Abgeordnete, die nicht wissen worüber sie abstimmen, sind ja nun nichts neues. Die gibt es schon seit Jahrzehnten. Ein populäres Beispiel dafür war die Abstimmung zum Vertrag von Lissabon. Da hatte auch ein TV-Sender vor der Abstimmung eine Befragung diverser Politiker gemacht und festgestellt, dass die zumeist nicht wussten, was überhaupt Inhalt dieses Vertrags war. Auch das sehe ich zum Teil als Faulheit und nicht unbedingt als Unwissenheit. Es gehört zum Job eines Politikers, dass er sich vor einer Abstimmung zur Thematik informiert. Dafür stehen Abgeordneten sogar extra Dienststellen zur Verfügung, bei denen sie Informationen einholen können. Politiker, die dieser "Pflicht zur Informationsbeschaffung" nicht nachkommen, sind kein Stück besser als die Koch-Mehrin. Leider ist das ein Grossteil der Bundestagsabgeordneten.

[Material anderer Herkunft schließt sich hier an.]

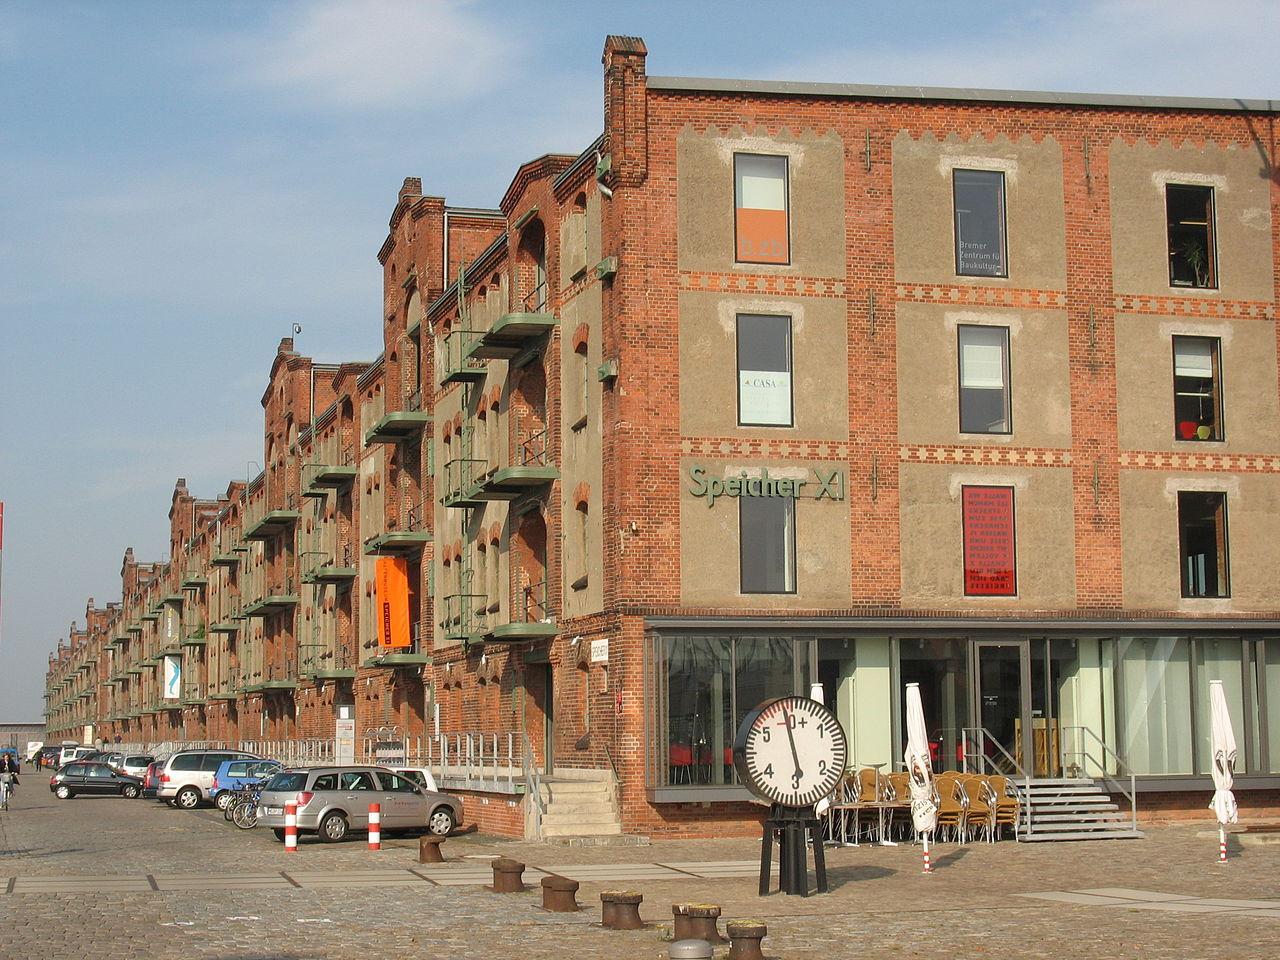 Bild Hafenmuseum Speicher XI Bremen

Andererseits ist die heutige Zeit so schnelllebig, dass Politiker in ziemlich kurzen Zeitspannen mit sehr vielen komplexen Thematiken zu tun bekommen. Es ist für sie also kaum noch überblickbar, was in der Politik abgeht. Das ist ein allgemeines Problem der heutigen Zeit und daher nur teilweise den Politikern anzulasten. Allerdings könnten sie auch die Reissleine ziehen und auch mal klar sagen: Uns bleibt zu wenig Zeit uns in Thematik XY einzuarbeiten und daher muss die zugehörige Abstimmung verschoben werden. Dass sie dies nicht tun, zeigt wie wenig Arsch sie in der Hose haben.
Oder kurz gesagt: Wir werden von Flaschen regiert, die zum Teil auch noch Faulheit an den Tag legen.
Und da helfen auch die Piraten nichts. Die werden in diesen Strudel jetzt genauso reingerissen und werden daher ziemlich bald auf den Boden der Tatsachen zurückkehren. Auch sie werden feststellen, dass es nicht möglich ist die heutige Politik noch zu überblicken. Und es ist noch weniger möglich, wenn nicht Fachleute zu bestimmten Themengebieten die entsprechenden Stellen in der Regierung besetzen. Eine Person ohne Fachkenntnisse in Soziologie und Pädagogik ist als Familienminister genauso unbrauchbar wie eine IT-Fachkraft in einer Landesregierung. Die meisten Piraten könnten gut Stellen von Datenschutzbeauftragten oder auch im BMI besetzen, sind aber imo in einer Landesregierung grossteils fehl am Platz. Ob sie da nun mit ihrer Unwissenheit "glänzen" bzw. dazu stehen oder nicht, macht keinen Unterschied in der Qualität des Regierens. Es macht lediglich einen Unterschied in der Qualität der Kommunikation. Die Regierungstätigkeit wird dadurch nicht besser und daher hilft es recht wenig. Aber das ist ein anderes Thema.